Kinau is a small, eroded lunar impact crater that is located in the low southern latitudes of the Moon. It lies to the southeast of the crater Jacobi, and about equally far to the north-northwest of Pentland. It is 42 kilometers in diameter and two kilometers deep. It may be from the Pre-Nectarian period, 4.55 to 3.85 billion years ago.

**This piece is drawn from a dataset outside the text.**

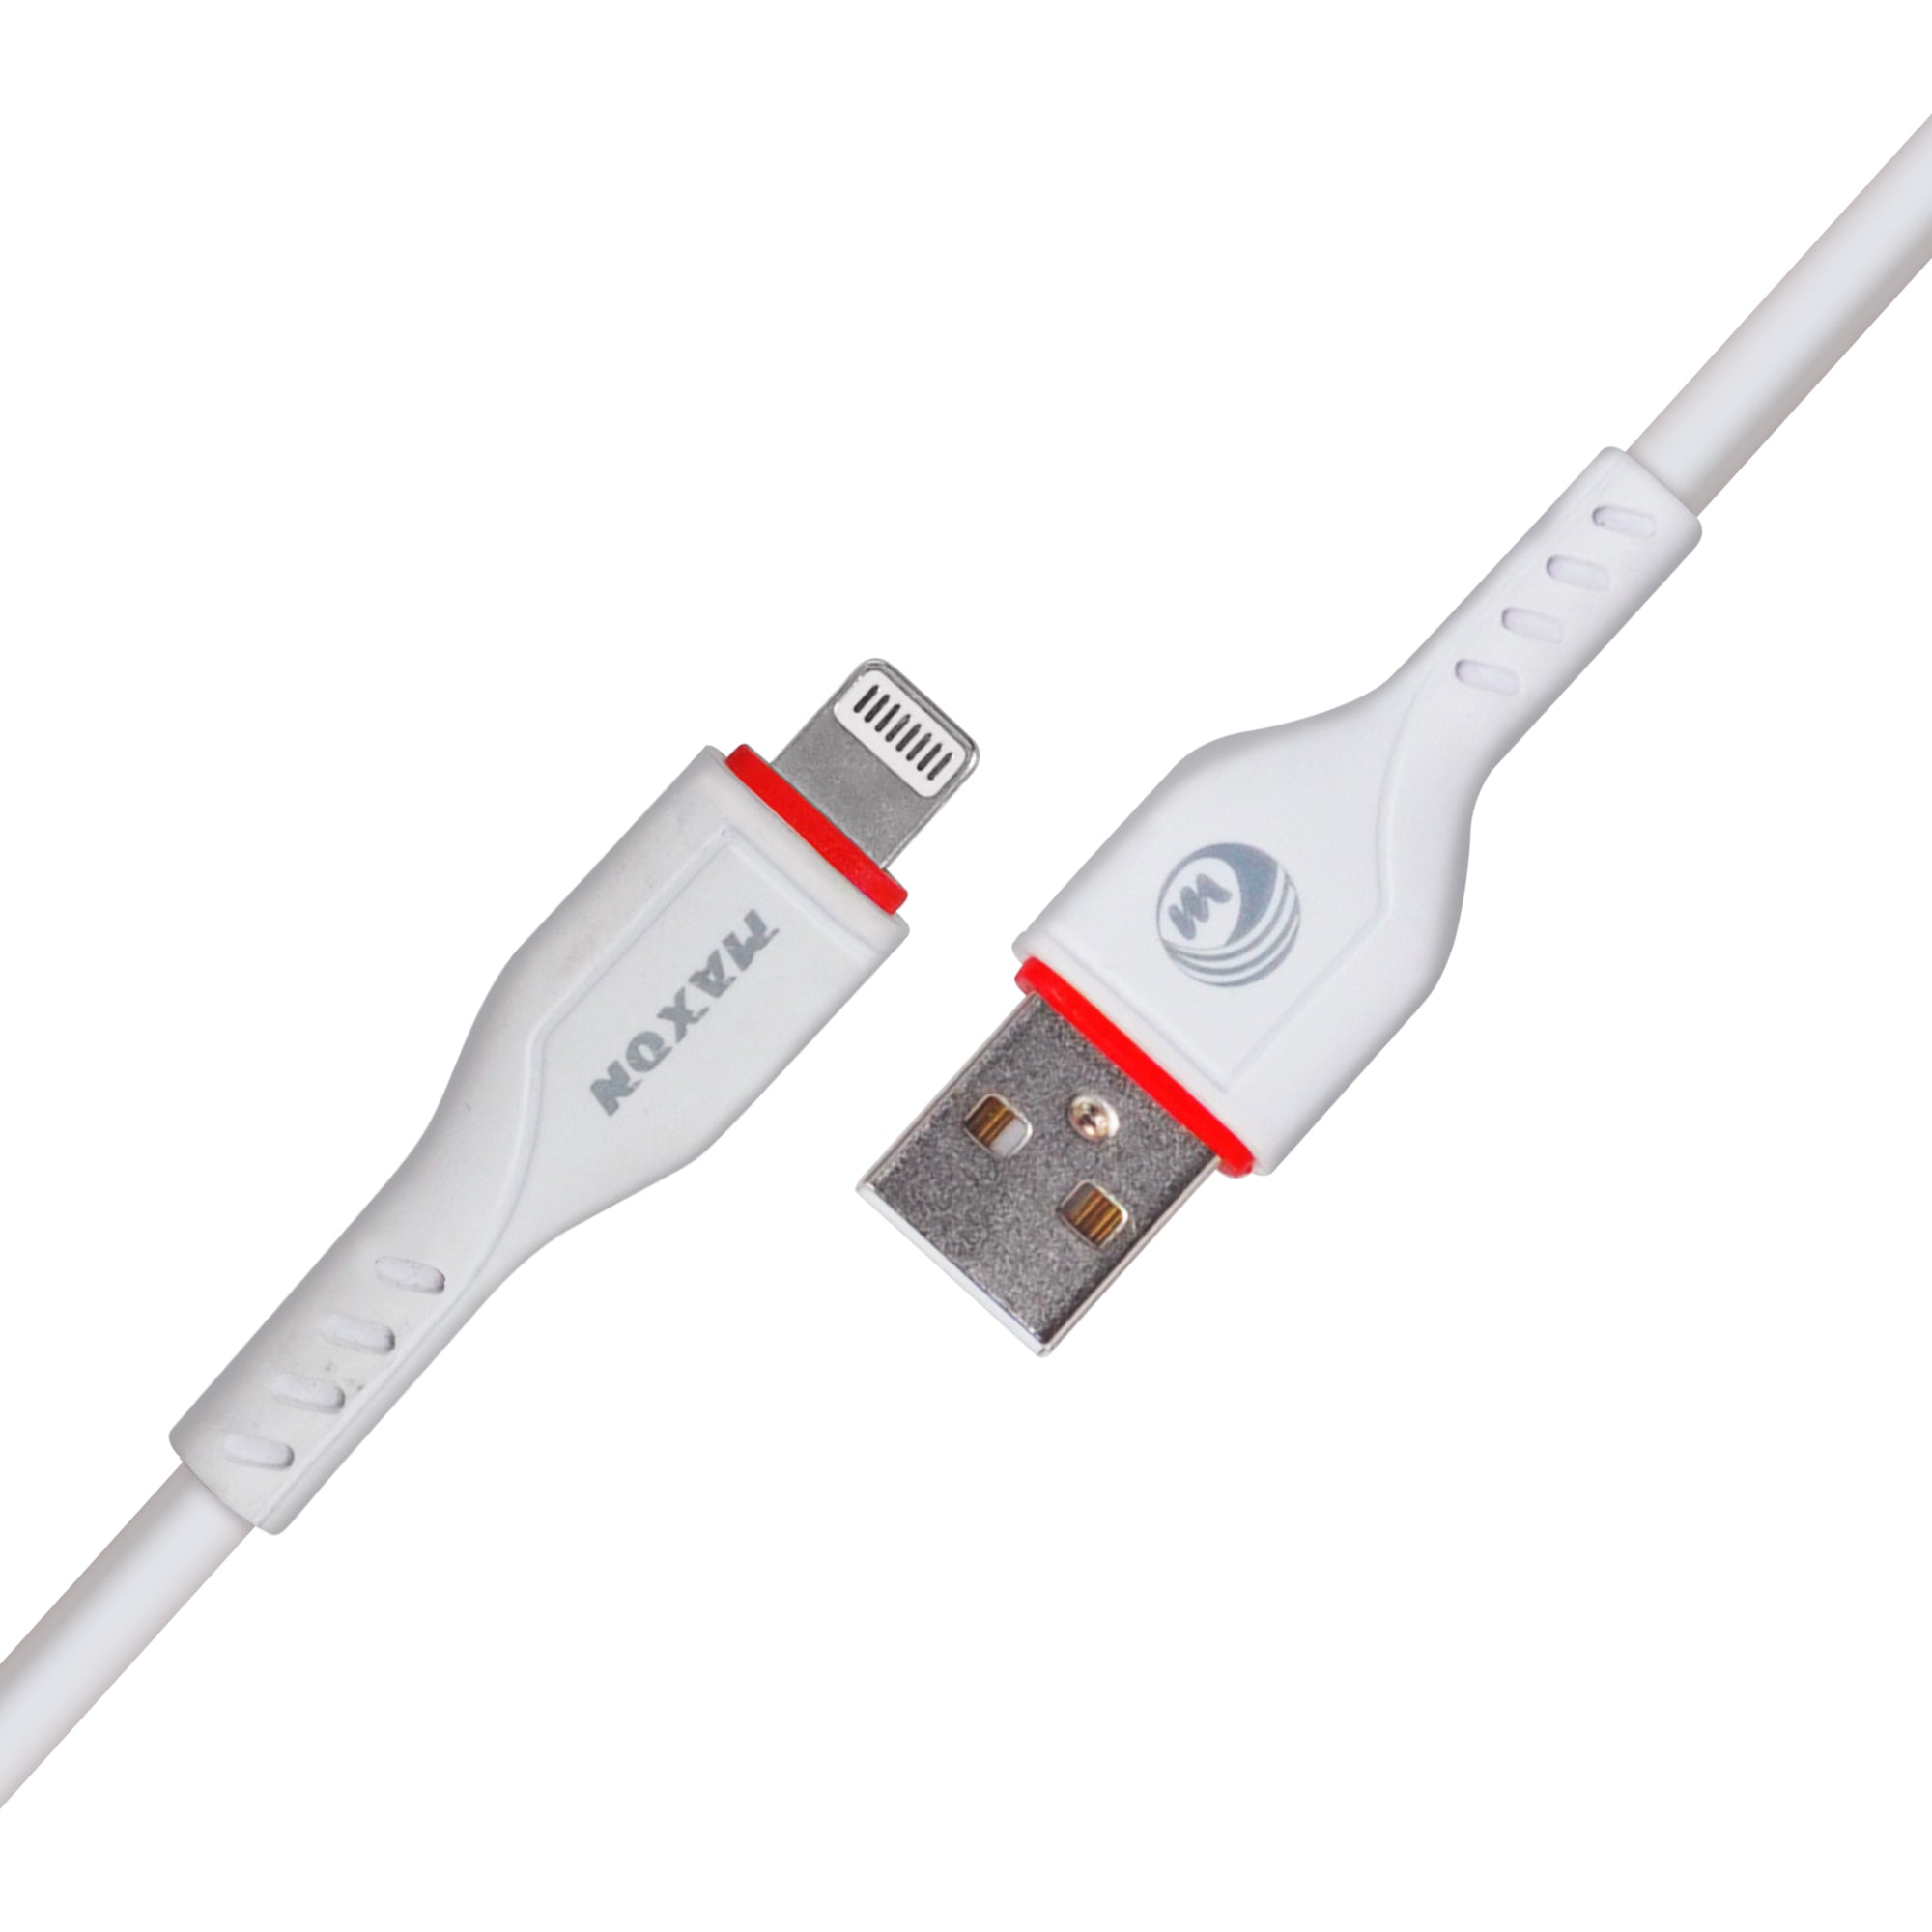 MAXON R-6 IPHONE DATA CABLE
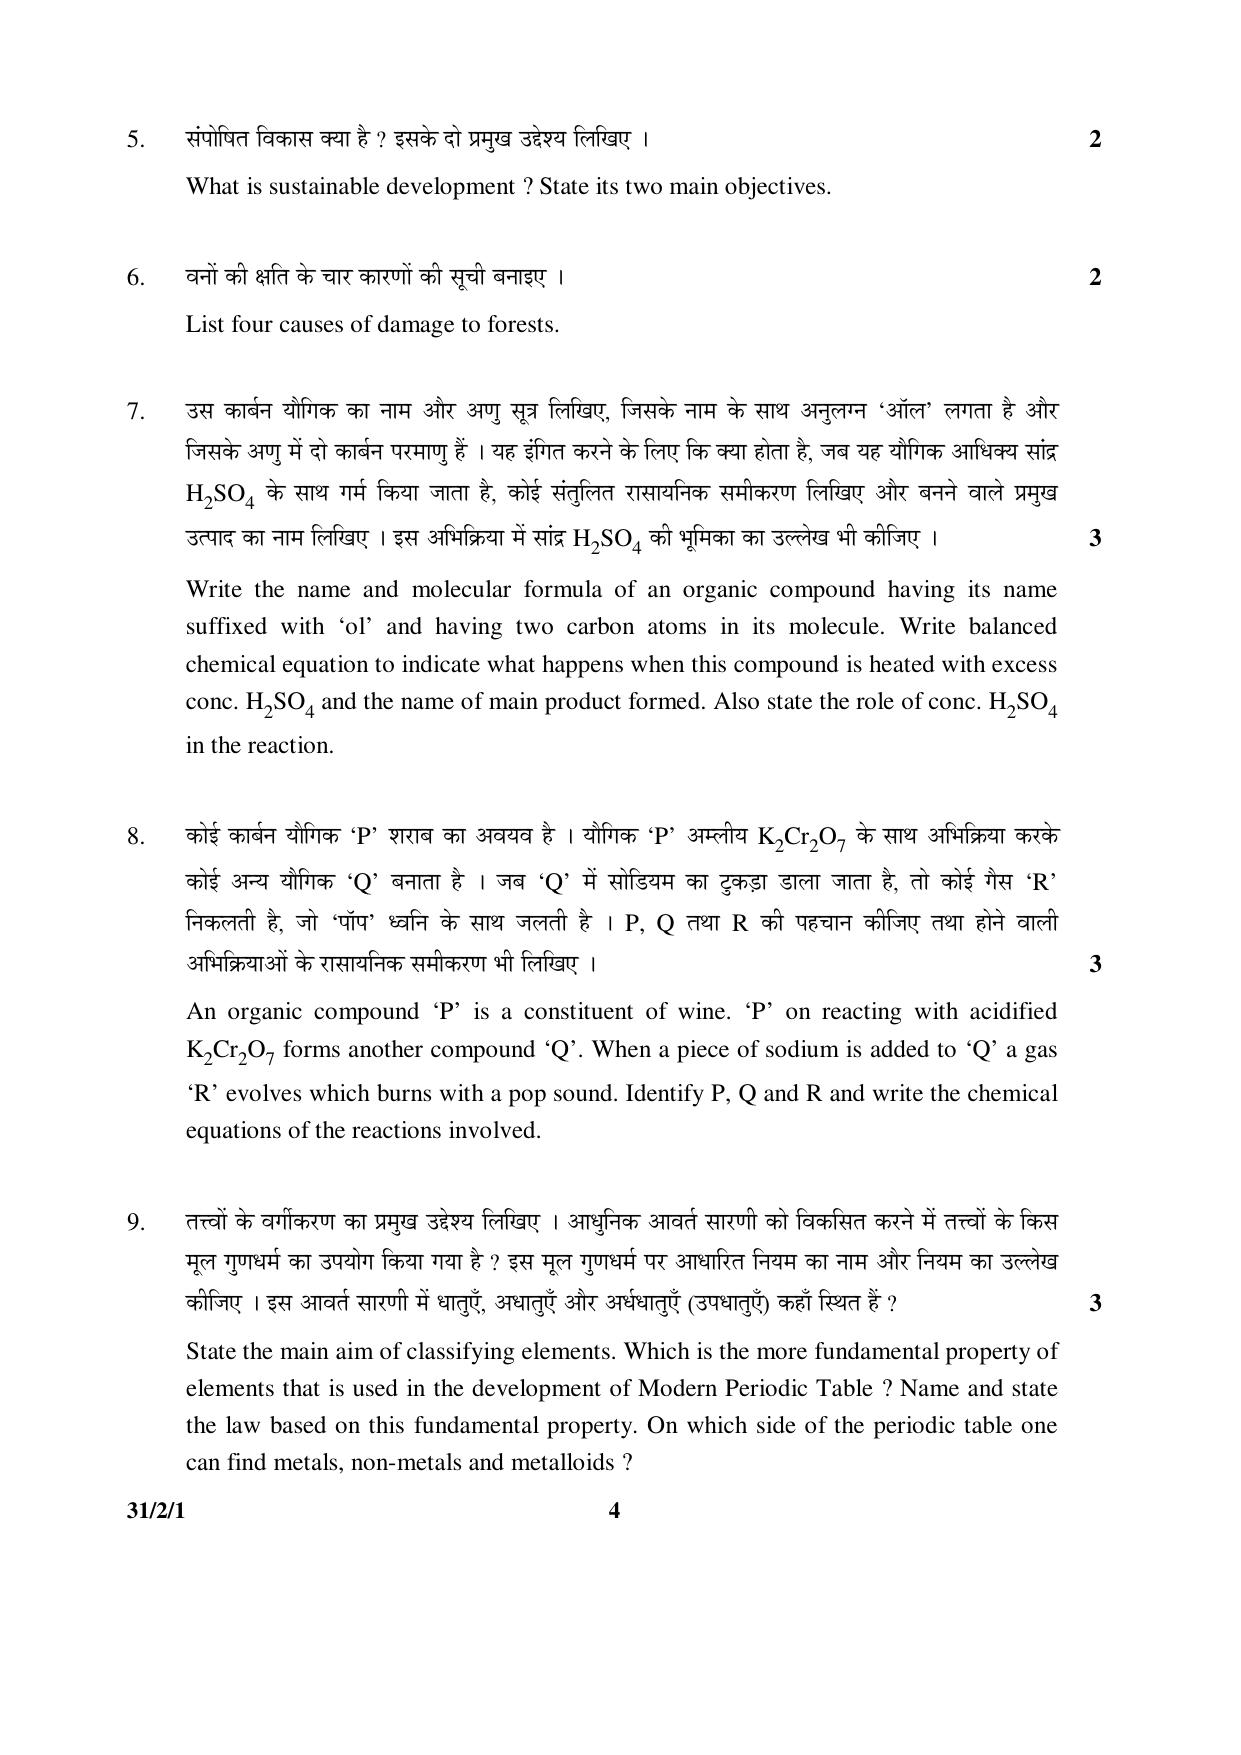 CBSE Class 10 31-2-1 _Science 2016 Question Paper - Page 4

The northwestern rim and inner wall of this crater has been heavily damaged by impacts, and is overlaid by a pair of small, cup-shaped craters. The remainder of the rim is worn and somewhat distorted into a hexagonal shape, with several small craterlets along the rim edge. The inner walls are relatively low, and the interior floor is almost featureless except for a few tiny craterlets. There is a low rise near the midpoint that is attached to the small crater to the northwest.

The crater is named after 19th century German priest, teacher and amateur astronomer Adolph Gottfried Kinau.

==Satellite craters==
By convention these features are identified on Lunar maps by placing the letter on the side of the crater midpoint that is closest to Kinau.

| Kinau | Latitude | Longitude | Diameter |
|---|---|---|---|
| A | 62.1° S | 20.0° E | 35 km |
| B | 61.6° S | 19.2° E | 8 km |
| C | 60.6° S | 20.5° E | 30 km |
| D | 60.6° S | 18.5° E | 27 km |
| E | 60.1° S | 20.0° E | 7 km |
| F | 62.1° S | 13.5° E | 10 km |
| G | 61.5° S | 12.7° E | 25 km |
| H | 59.8° S | 19.7° E | 6 km |
| J | 59.6° S | 16.0° E | 5 km |
| K | 58.6° S | 18.1° E | 10 km |
| L | 59.3° S | 18.8° E | 11 km |
| M | 60.4° S | 14.3° E | 12 km |
| N | 61.4° S | 15.5° E | 7 km |
| P | 61.4° S | 17.4° E | 5 km |
| Q | 62.4° S | 21.1° E | 11 km |
| R | 59.9° S | 11.6° E | 61 km |

== Notes ==
1. The botanist C.A. Kinau was struck from the official list of the USGS in April 2007 and replaced by the correct eponym Adolph Gottfried Kinau.